As nobody has done it before I believe they are going to spend as much or probably more in refurbishing the old stage than building from scratch.
As an engineer you get a lot of know how just doing something. The first time I used a CAD program professionally it took me like 10 times more effort and time than what it takes me now. Now is second nature.
Nobody knows what it takes to relaunch a rocket. The exciting news is that they will discover it. In the end it will be way cheaper.
Space shuttle engines have flown all the way to orbit multiple times. However the technology was a bit different. Also see x-17 and dc-x which did multiple rocket powered flights, or all the way back to Me-163 Komet.
Well, apart from Blue Origin, I guess. They've done four sub-orbital missions now, with their production hardware. I know there are differences, but it's a similar problem-space, so they are an existence proof that it's possible.
Eventually, I think they're aiming for airliner-style reuse. Engineer any frequently-breaking parts to be better, then check every X flights once they've got the kinks worked out.
I am guessing it will be more like an engine rebuild on an engine for a 777 - tear down and xray of key parts. The turbopumps and compressors in a rocket engine are very sensitive, high precision parts.
> The turbopumps and compressors in a rocket engine are very sensitive, high precision parts.
SpaceX deliberately engineered lower performance, higher reliability engines. Think minivan instead of Ferrari. The SSMEs were genuine marvels of engineering, but that came at significant cost to reusability.
That depends very much on what the primary mission is. For LEO missions like the CRS flights, then sure. For GTO launches, they probably don't have the margin needed.
Remember that with reusability in play, the guidance system can decide "screw the first stage landing, the payload is more important" and simply switch to an expendable launch profile if it turns out that you have more engine problems on the first stage than you designed for. Then you use the reserve fuel to get the $300M satellite safely to orbit instead of getting the $30M stage safely to the ground. The customer is happy and you've only lost a unit for which you have a dozen of direct substitutes in storage anyway (SpaceX already doesn't have enough storage space, apparently!).
It might depend where in the flight the engine fails, assuming we're talking about the first stage. If I had to guess, a GTO mission (placing a payload in a 36,000 km x 350 km elliptical orbit) could still be successful with an engine failure in the first stage after 65-75% of the fuel had been burned, and the vehicle was generally lighter, allowing the burn time to be adjusted longer to reach the same velocity at the point of first stage cutoff and separation to ignition of the second stage. But this guess comes from dozens of hours spent playing Kerbal Space Program....

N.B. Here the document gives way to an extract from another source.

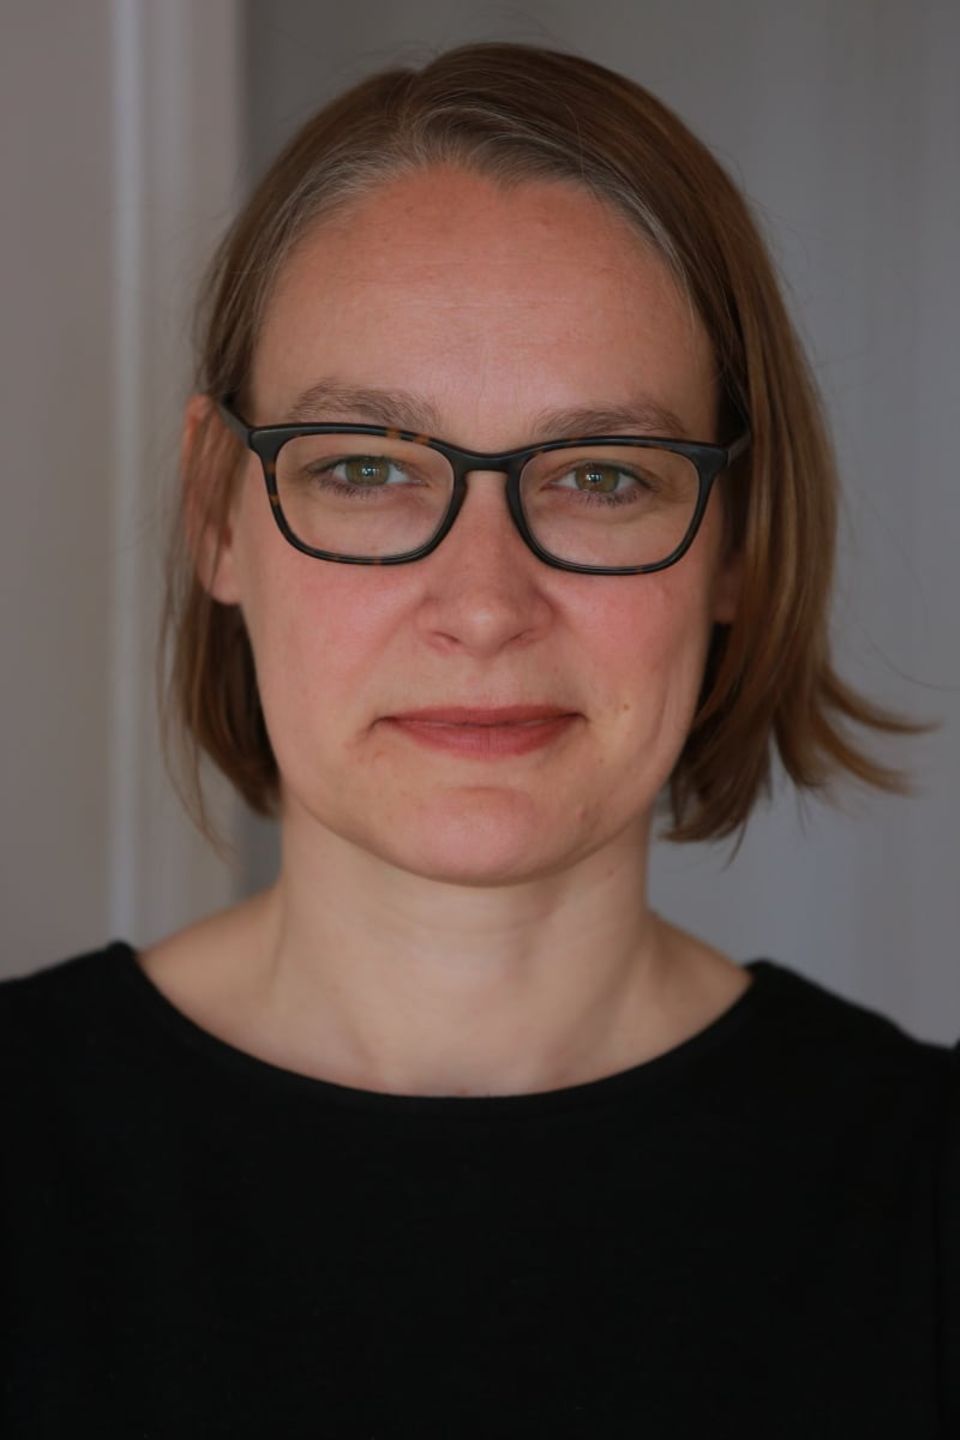 Alexandra Bielecke arbeitet als Psychologin, Mediatorin und Coach. Außerdem ist sie die erste Vorsitzende des Bundesverband MEDIATION Link, Foto: Jörg Winter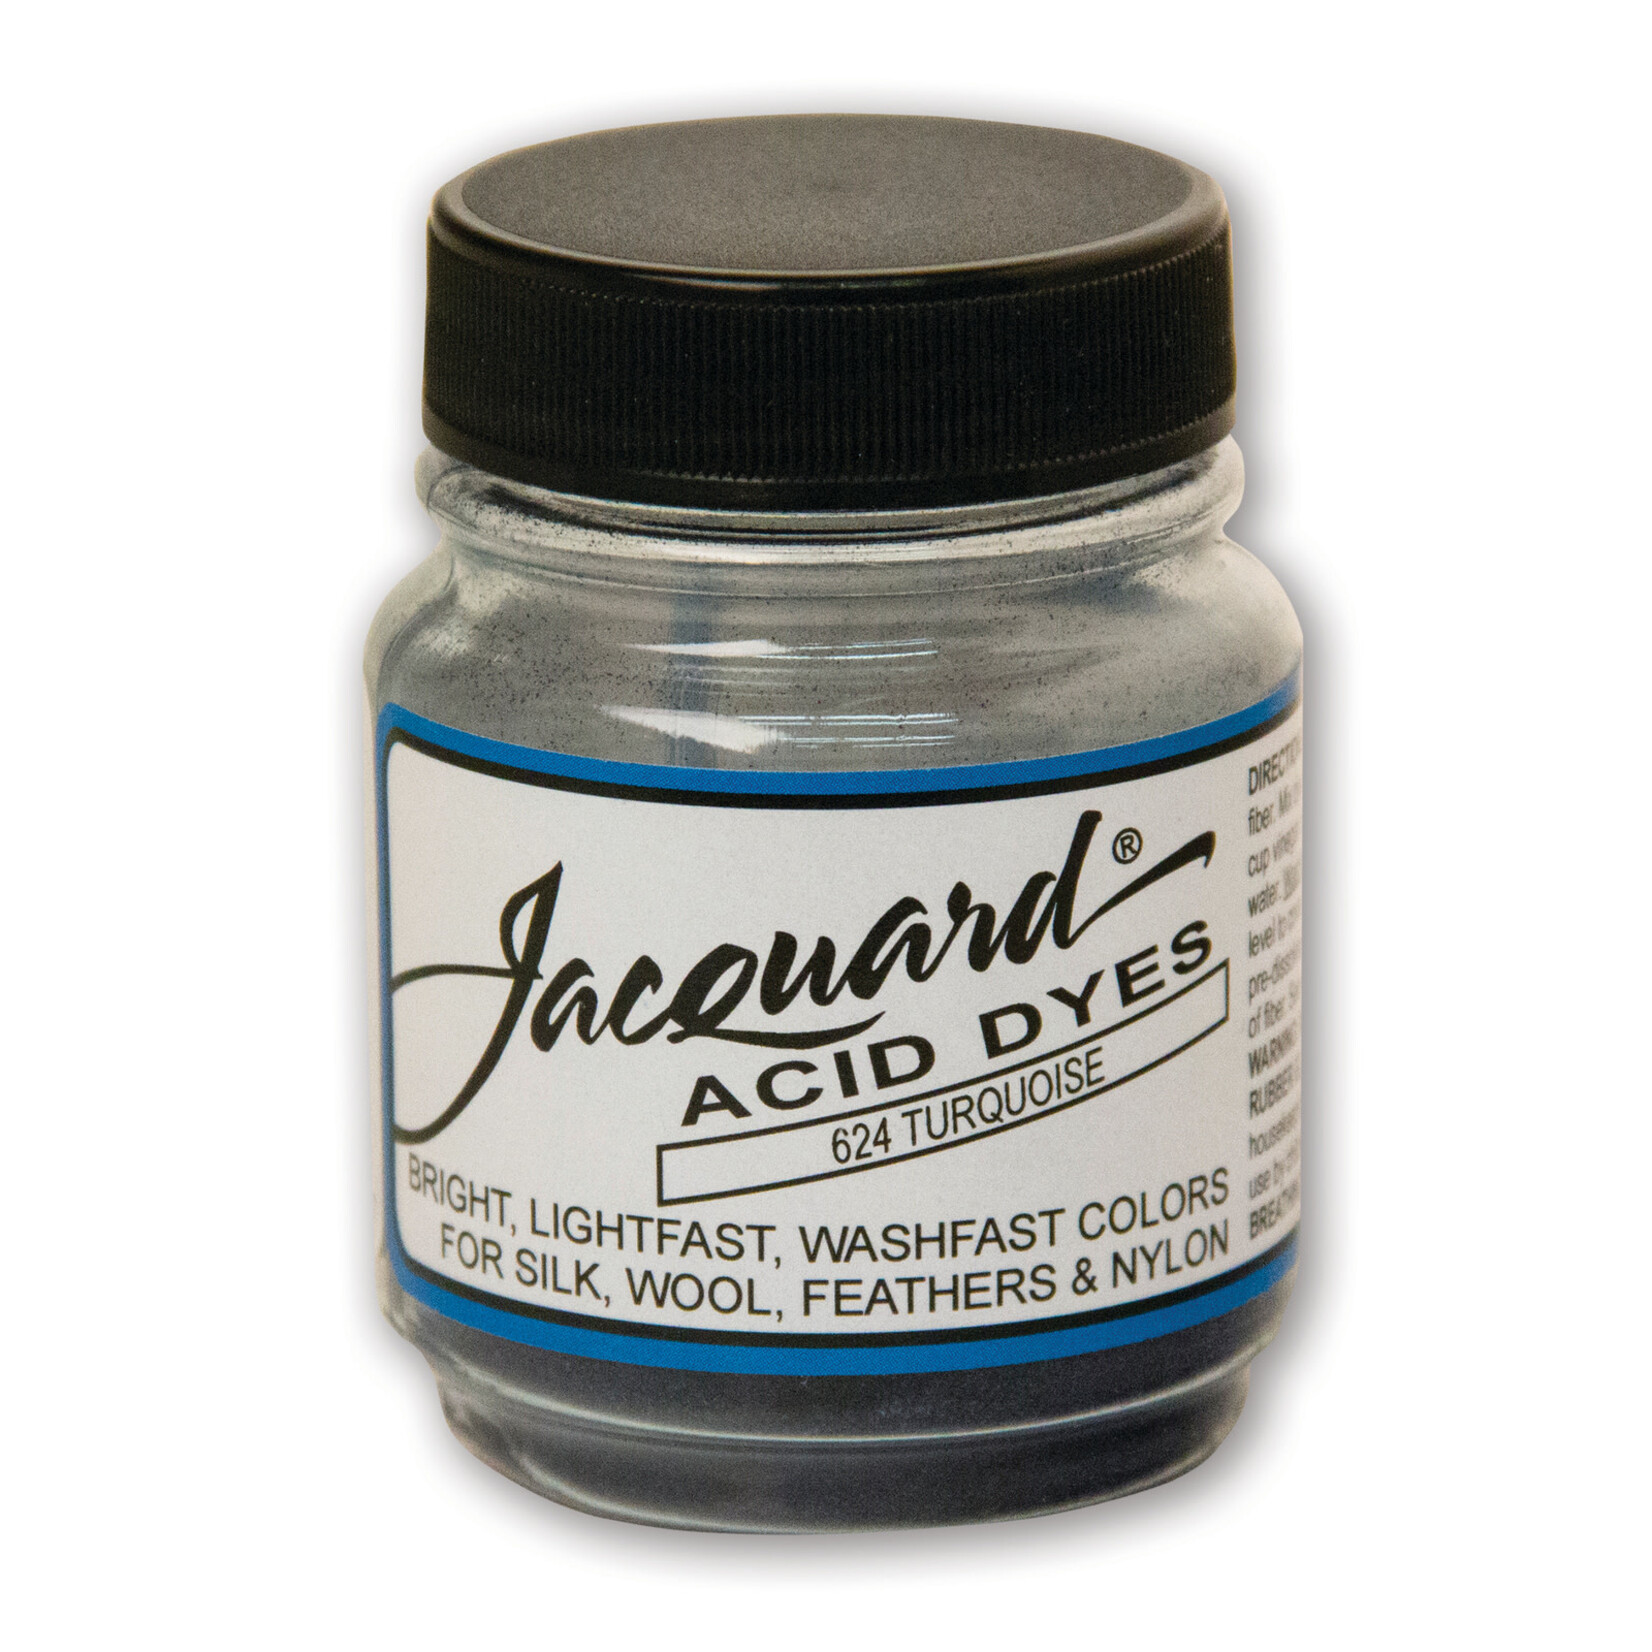 Jacquard Acid Dye.5 Oz Turquoise

Indeed. Hopefully SpaceX can do less, since their hardware is more robust. The Space Shuttle engines were driven at the edge of failure because they needed every last bit of performance. SpaceX's designs tend to go for robustness at the cost of efficiency, so they ought to need less work.
Possibly of interest, the giant engines used in the Delta IV Heavy have 80% less part count than an SSME, but they were never intended to be human-rated: https://en.wikipedia.org/wiki/RS-68
Not that it has brought launch costs down much, considering how the ULA loves their juicy government contracts for billion dollar NSA/NRO satellite launches.
IIRC the Falcon 9 engine design is the opposite of an RS-68, which is the "one huge fucking engine" design philosophy, which is why a falcon9 has a cluster of many smaller engines and is tolerant of an individual engine failure during launch.
> IIRC the Falcon 9 engine design is the opposite of an RS-68, which is the "one huge fucking engine" design philosophy, which is why a falcon9 has a cluster of many smaller engines and is tolerant of an individual engine failure during launch.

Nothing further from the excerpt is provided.